Real estate players are quick to point out that no one asset, or market, is the same. But the office sector is of increasing concern, with little clarity on how much workers intend to use their offices long-term or how companies will respond to economic downturns.

Square Mile’s Lavipour said in late 2022 and early 2023, he foresees many owners of Class-B offices will be weighing whether to sell, spend on renovations in an environment where cheap debt is no longer available, or “cut losses” and hand the keys back to lenders.

"Today's office is yesterday's retail in our ability to underwrite and assess the outcome,” said Toby Cobb, the co-founder and managing partner of 3650 REIT, which he describes as an alternative lender with institutional capital. Still, he said, his firm is enjoying activity.

Of 3650 REIT’s $8B portfolio, Cobb said there are no loans in special servicing, in default or in distress.

“It's a lender’s market, we have wider spreads for the same level of credit risk than we had six months ago and we are putting money out, frankly, with greater alacrity than we were four months ago,” Cobb said.

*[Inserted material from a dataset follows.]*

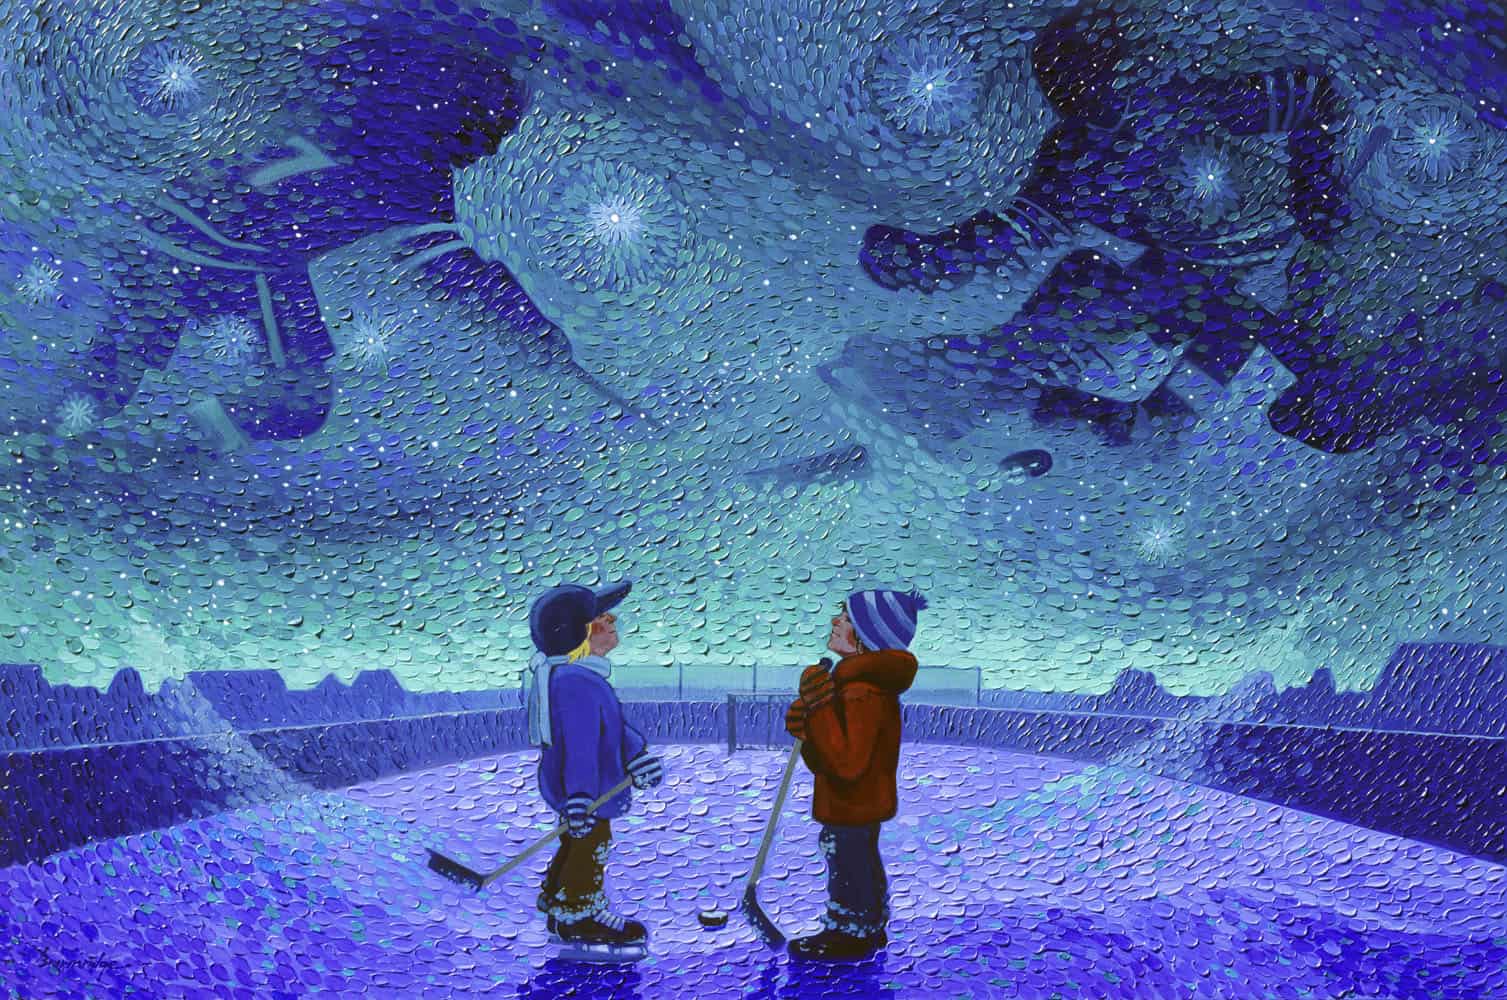 Dreaming of Stars by Bill Brownridge
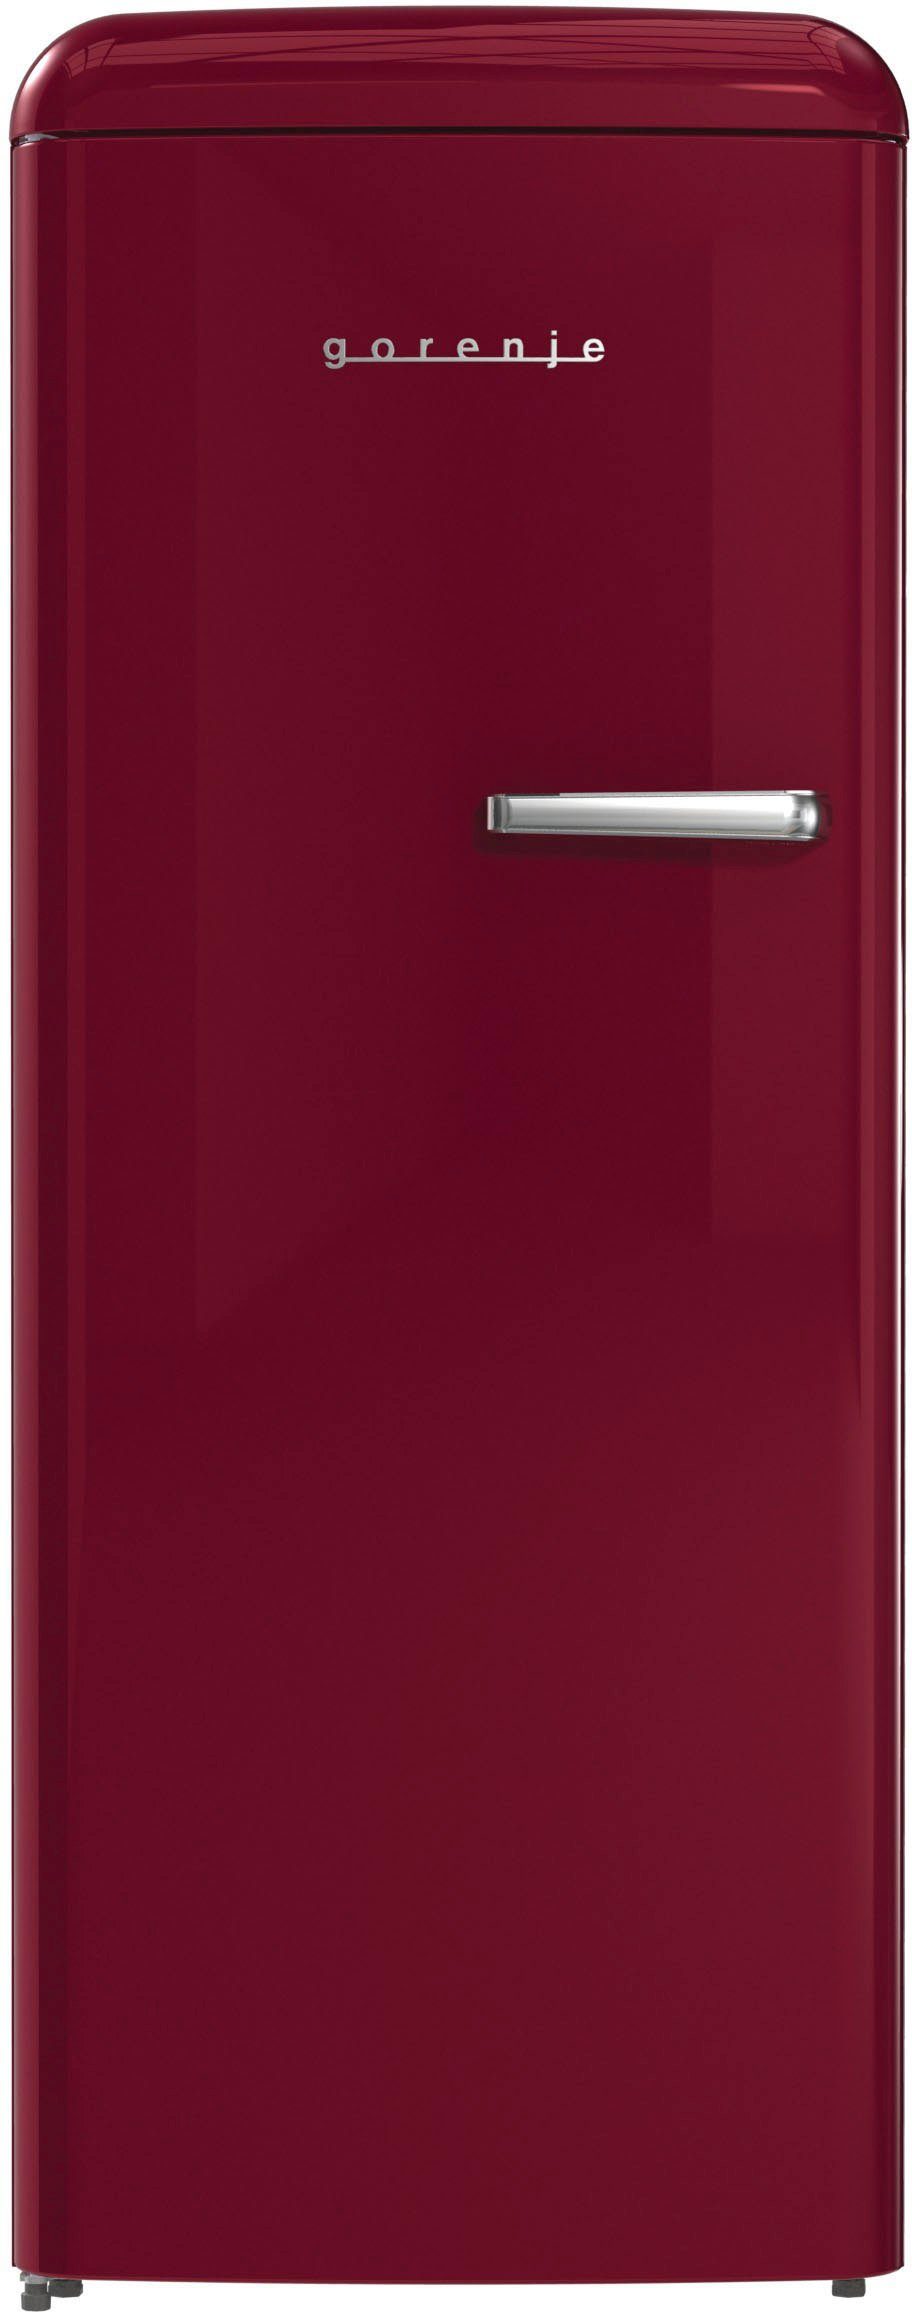 GORENJE Kühlschrank ORB615DR-L, 152,5 cm hoch, 59,5 cm breit

ACORE’s $19B commercial real estate debt portfolio is almost entirely healthy, de Haan said. But if the economy turns and borrowers struggle to make payments, they are likely to be treated differently than they were in 2020. If borrowers in distress behave in a certain way and put more money into their projects, then he expects the lending community will follow suit and grant extensions.

“The prospective view that most people have is that more difficult times are ahead of us,” de Haan said. “So the idea of whether or not we'll provide forbearance in the future, we'll have to cross that bridge when we come to it.”

ACORE is still originating loans, he said, especially in migration markets like Atlanta and Miami where companies continue to move. The same can’t be said for Class-B office buildings in urban core markets.

“We look to provide capital where there is no capital and provide liquidity to our borrowing base, when there is no liquidity. Now, it might come at a higher cost,” de Haan said. “We're staring at this, and we're not sure which way this is going to go. But we are preparing ourselves for that, for a situation where liquidity might be needed.”

CORRECTION, AUG. 5, 12 P.M. ET: Jillian Mariutti is a broker at JLL. An earlier version of this story misspelled her name.